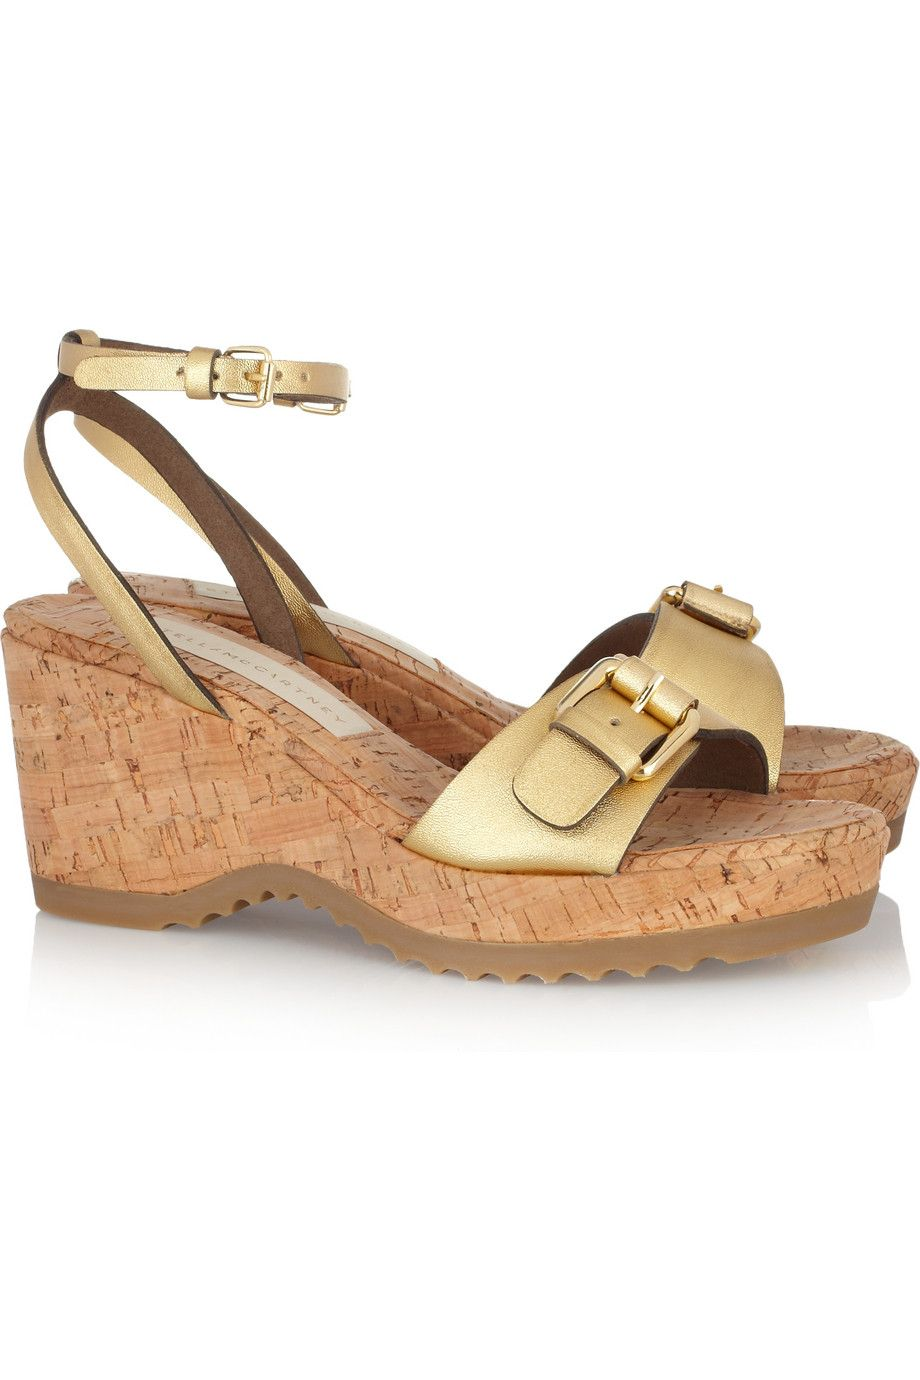 6e26a8b34 STELLA MCCARTNEY Metallic faux leather and cork wedge sandals
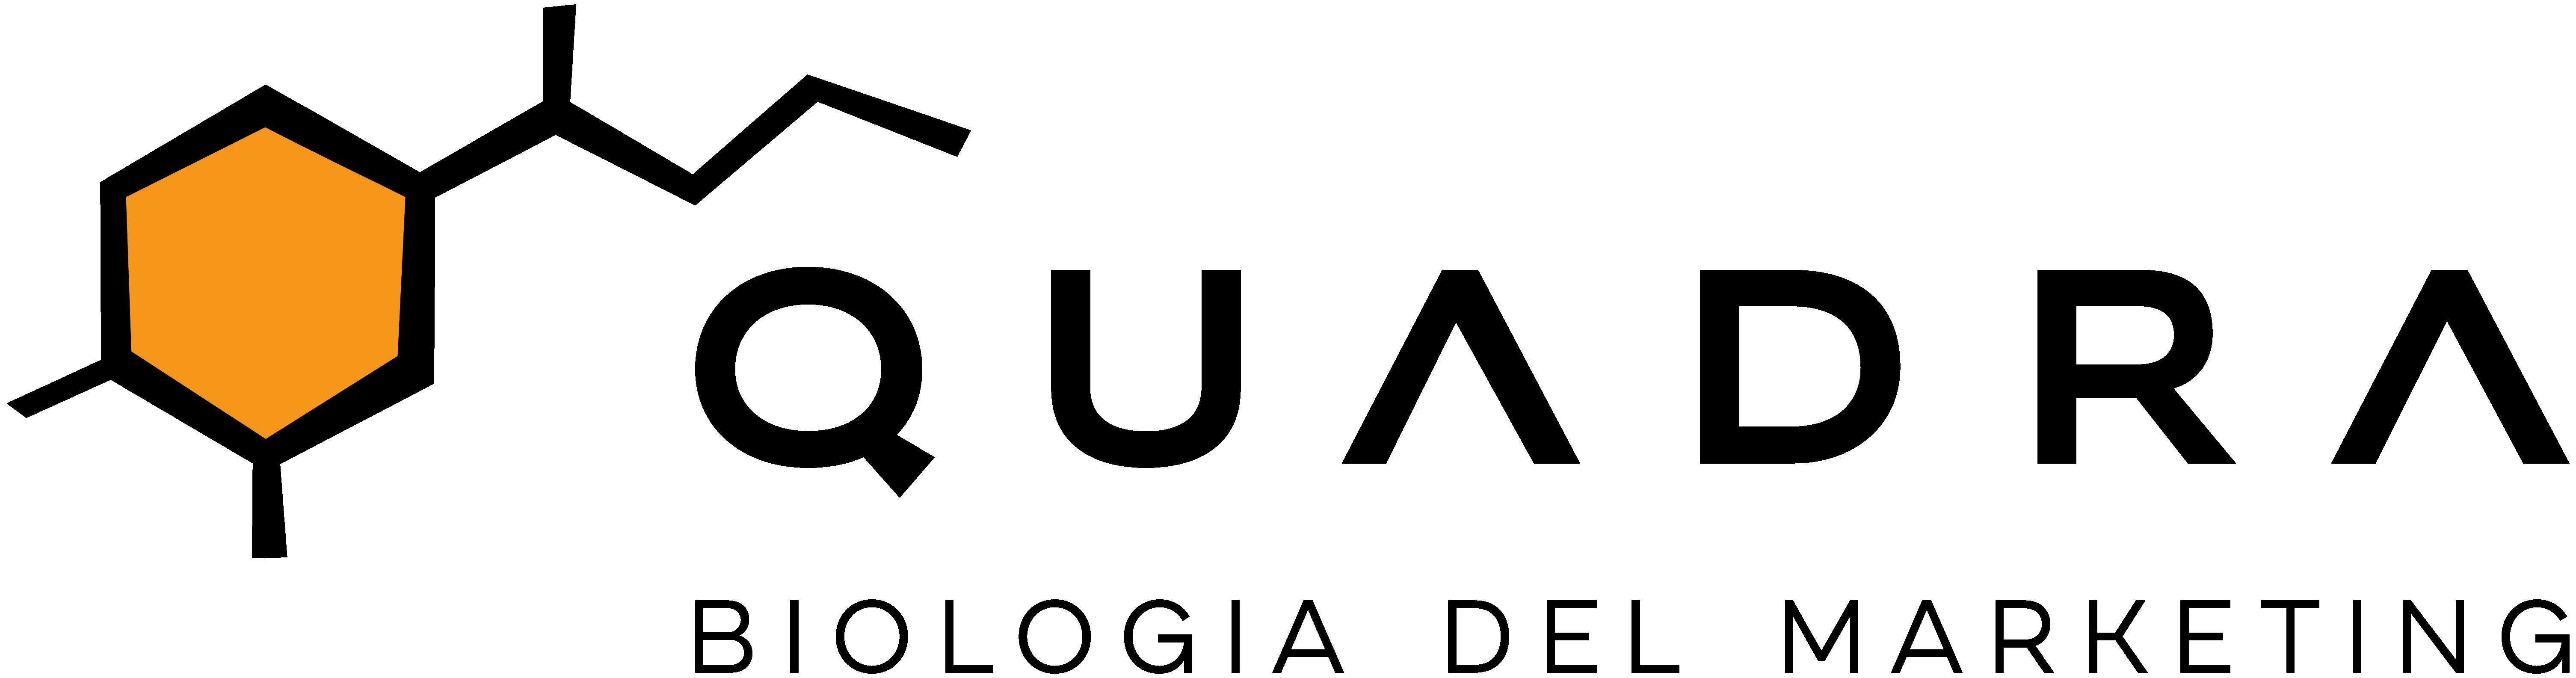 logo quadra orizzontale_Tavola disegno 1
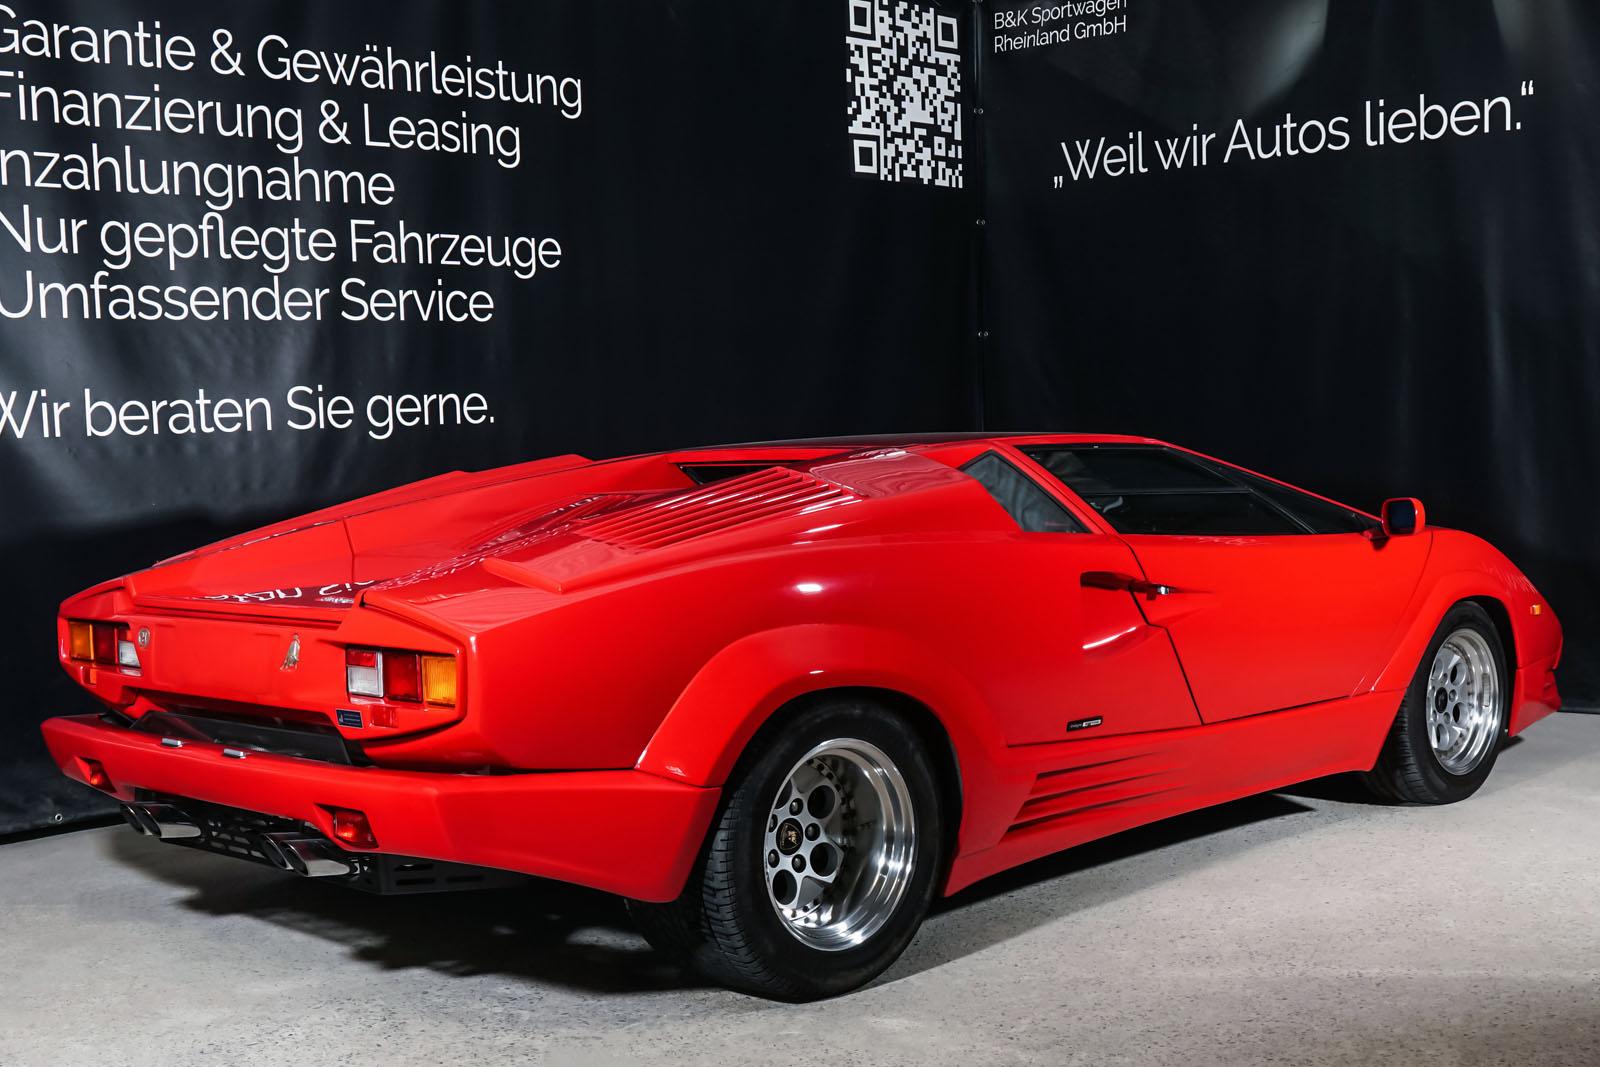 Lamborghini_Countach_Rot_Schwarz_LAM-2811_17_w
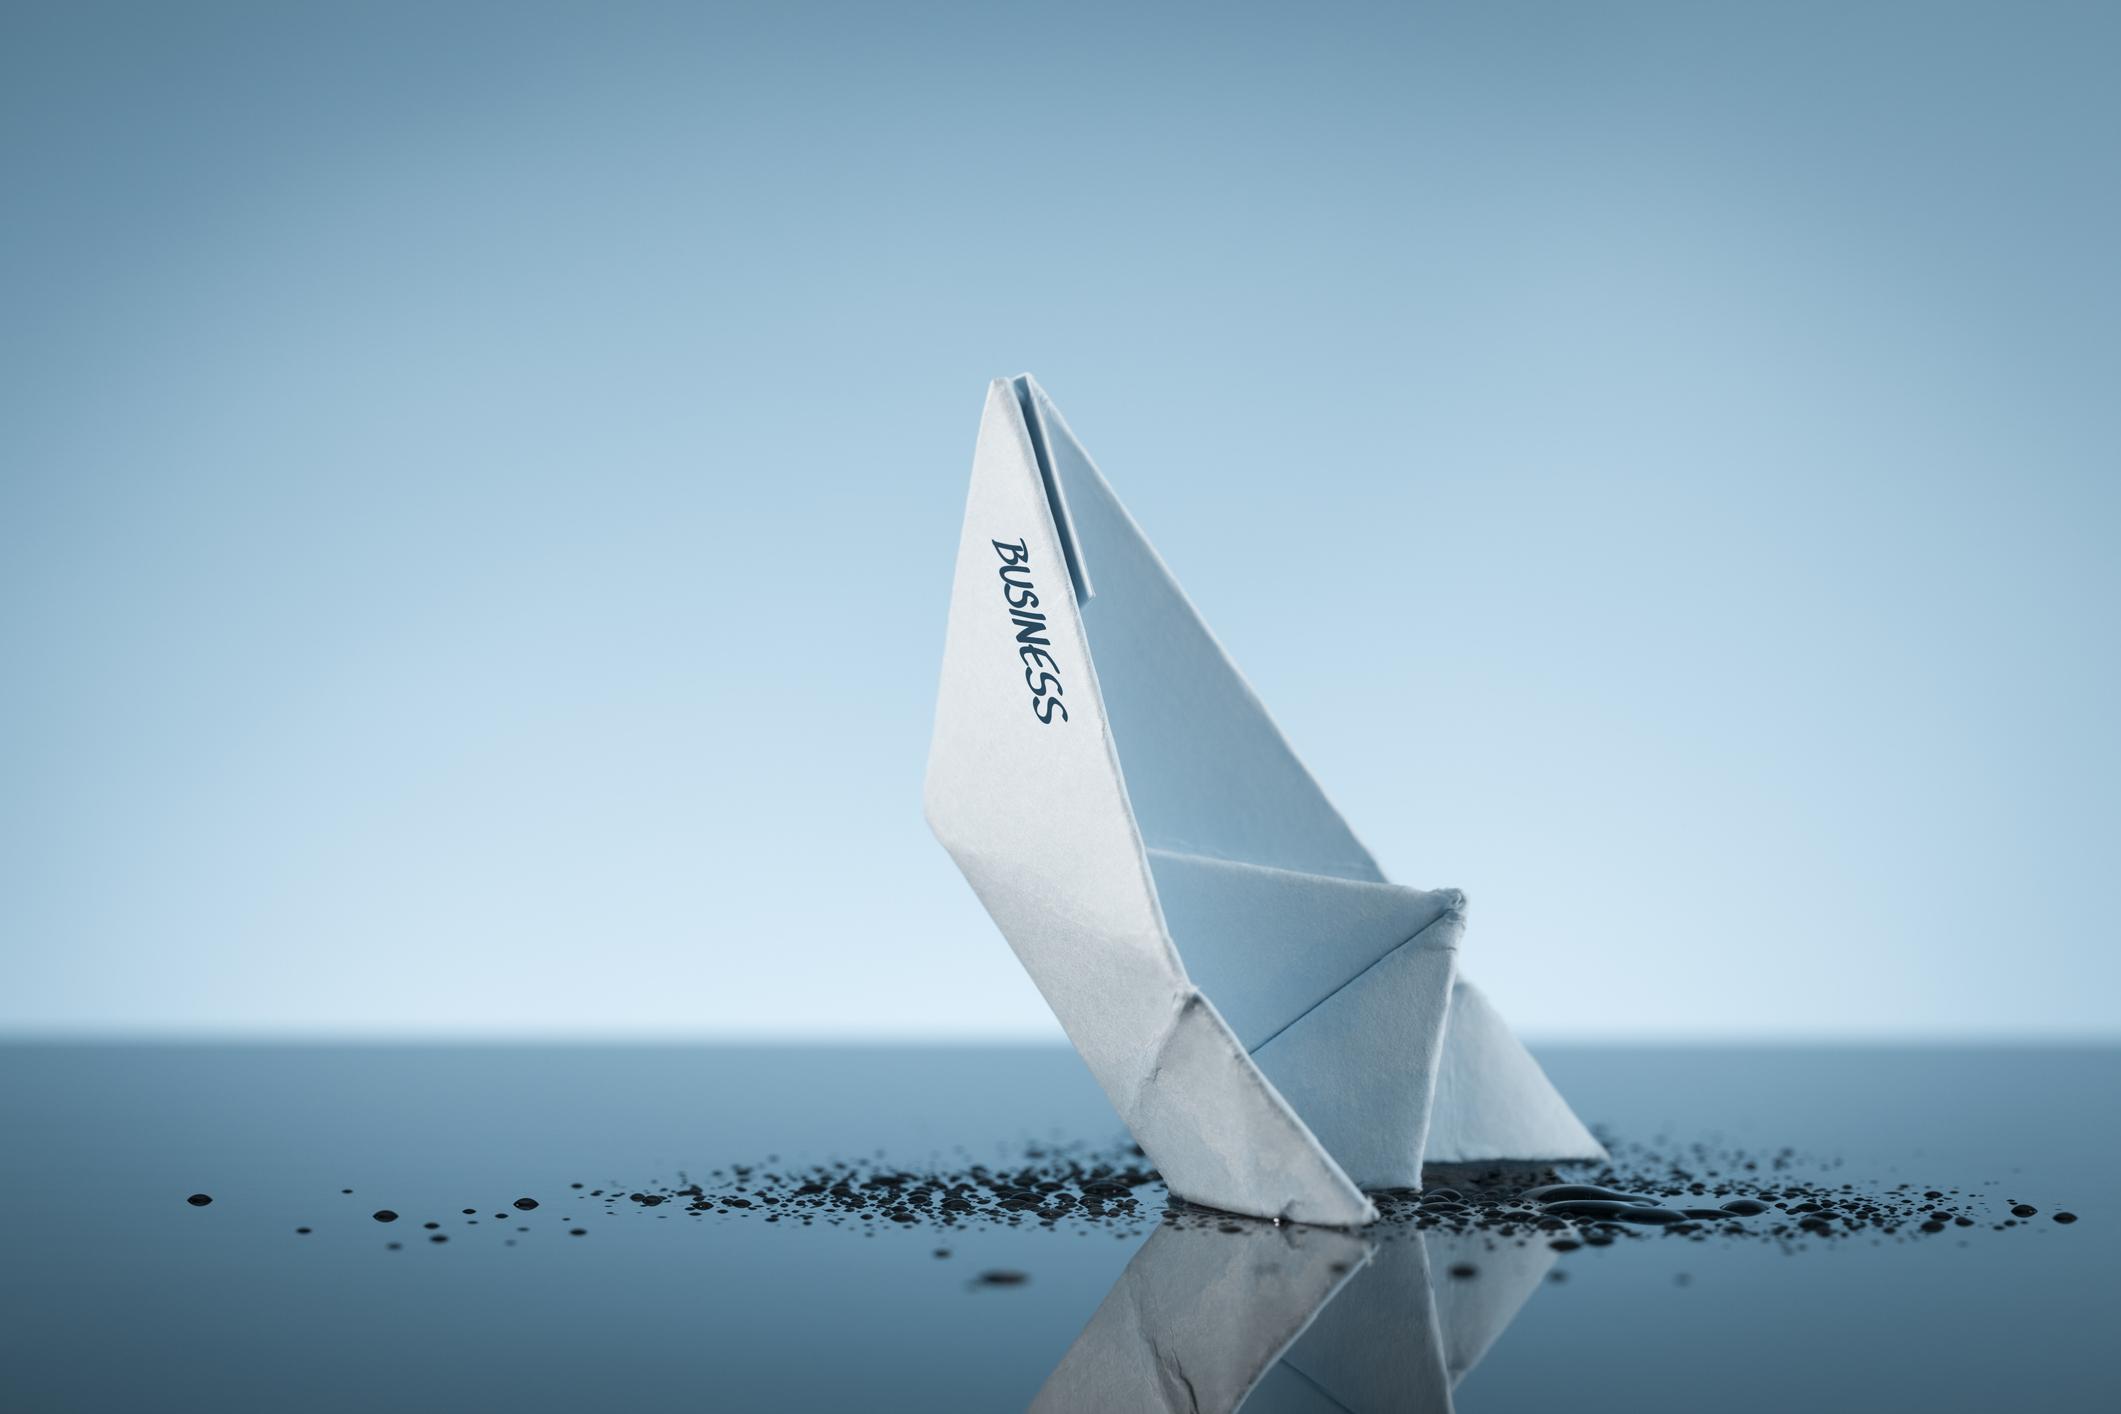 Paper boat sinking into a black liquid.

-- Exercise objective --
With the images omitted, return the full material exactly.

-- Solved problem --
 6e26a8b34 STELLA MCCARTNEY Metallic faux leather and cork wedge sandals
 logo quadra orizzontale_Tavola disegno 1
 Lamborghini_Countach_Rot_Schwarz_LAM-2811_17_w
 Paper boat sinking into a black liquid.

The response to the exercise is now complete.